Present animal production from native and natural pastures is severely restricted by the low availability of green forage in winter and early spring (1). The sowing of winter green native perennial grasses would not only increase production by extending the length of the effective grazing season, but would also reduce costs. Native grasses are adapted to the environment. They have evolved under harsh conditions of periodic drought and inherent low soil fertility. As such they could have less re-establishment and lower maintenance costs than pastures based on more traditional grass species. In recent droughts the adaptability of the native perennial grasses to harsh conditions has proved valuable to graziers. While the concept of domestication of native grasses is relatively new to Australian agriculture, it has been widely and successfully used overseas to develop new cultivars from native ecotypes. Yearlong green species such as Danthonia are among the most highly regarded grasses of native pastures and provide substantial quantities of high quality green forage in winter (2). The NSW Department of Agriculture has recently undertaken a program to domesticate Danthonia spp by a two stage process of selection and breeding. In the first stage plants will be collected from natural populations and evaluated to determine the extent of their genetic variability and to identify desirable traits and superior individuals. Both agronomic and floral characteristics are being examined together with measurements of seed retention and yield, and seedling vigour. The second stage of the program involves the selection or breeding of advanced lines for release as new cultivars. Cytogenetical studies are being conducted to determine the ploidy level of the plants collected and assess their suitability for breeding (3).
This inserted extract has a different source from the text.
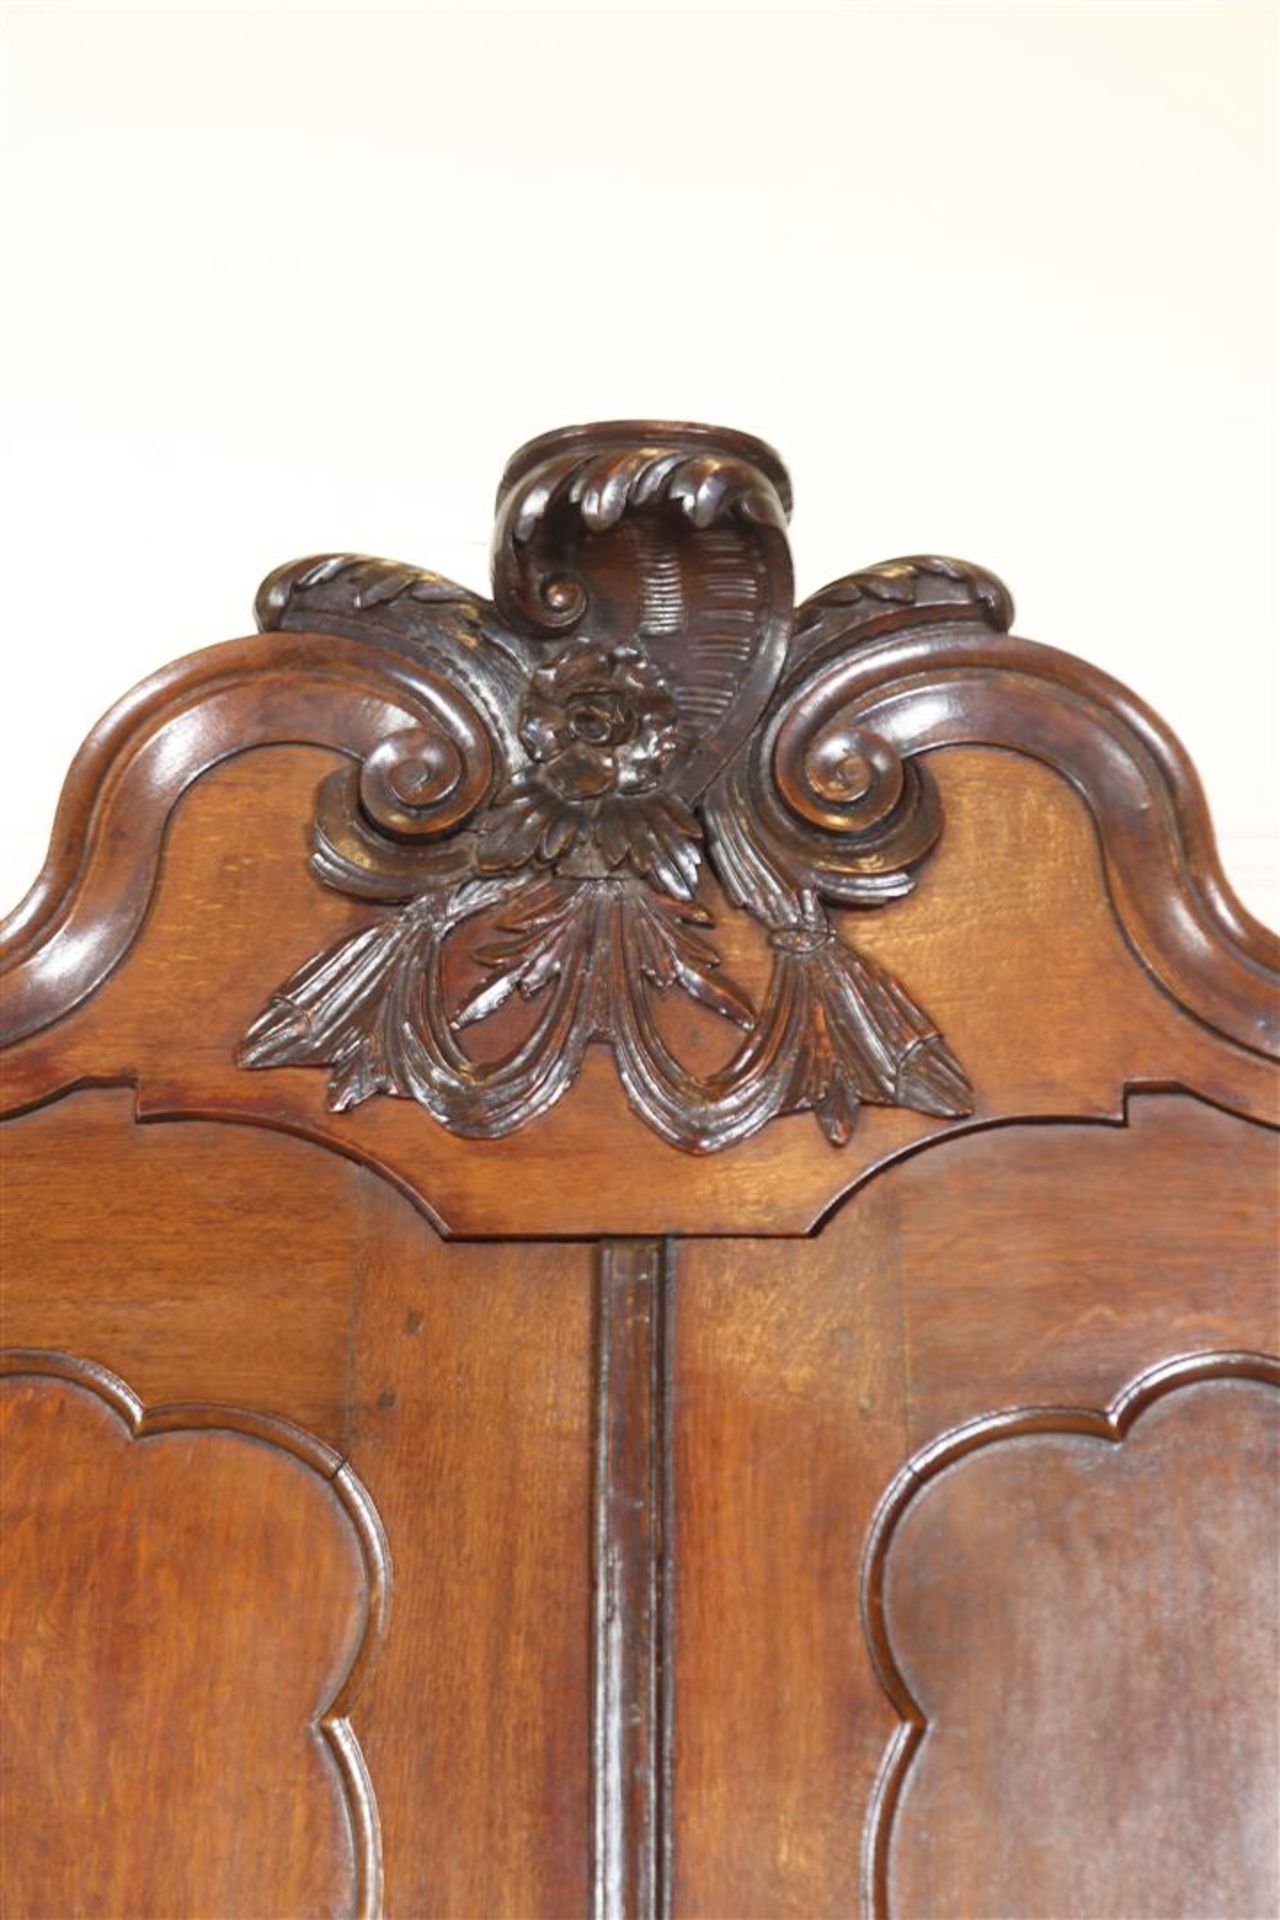 Oak Louis XV cabinet with contoured hood with carved crest, 2 panel doors on 3 curved drawers - Image 3 of 6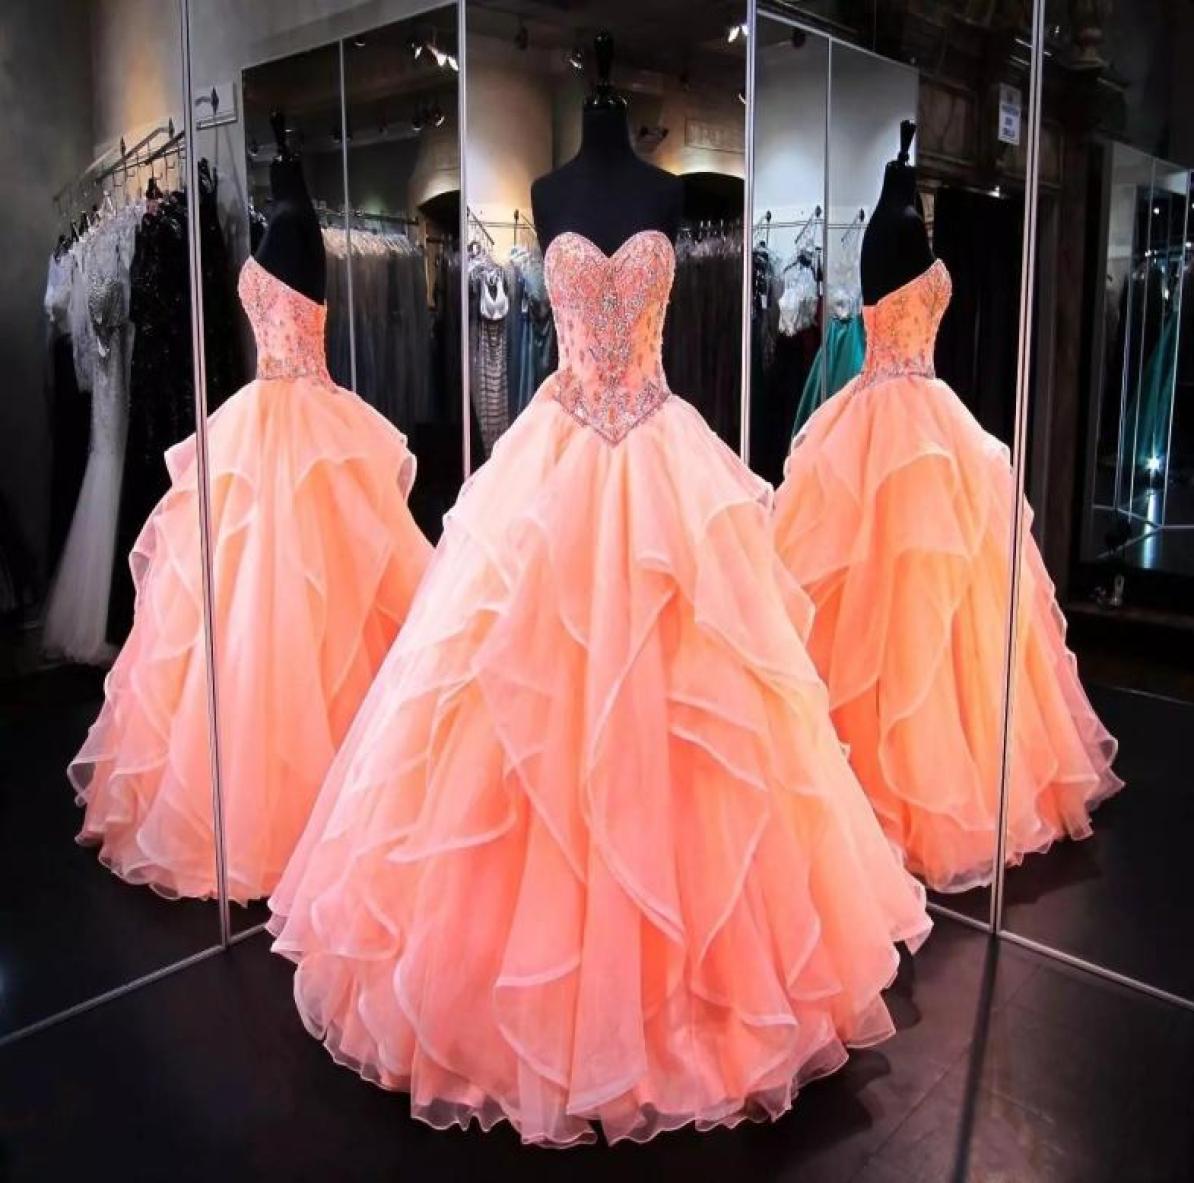 

Coral Quinceanera Dresses Sweetheart Masquerade Ball Gowns Crystal Beaded Corset Organza Ruffles Floor Length Long Sweet 16 Prom G1609123, Lavender \lilac

At Tamworth 3,000 individual D linkii and D richardsonii plants collected from 500 sites in New South Wales have been planted out in nursery rows. These are being assessed for vegetative morphology, growth, time of flowering, seed retention, seedhead morphology and seed dormancy. Studies are also being conducted on seed yield and seedling vigour, characteristics considered essential for successful domestication (4).

The overall objective of this program will be to provide seed supplies of Danthonia spp for commercial sowings. As yet no native grasses have been domesticated for use in Australian agriculture.

1. Lodge, G M and Roberts, E A 1979. Aust J Exp Agric Anim Husb 19 698-705.

2. Lodge, G M and Whalley R D B 1983. Aust Rangel J 5(1) 20-7.

3. Brock, R D and Brown, J A M 1961. Aust J Bot 9 62-91.

4. Harlan J R 1960. J Range Mgt 13(2) 86-9.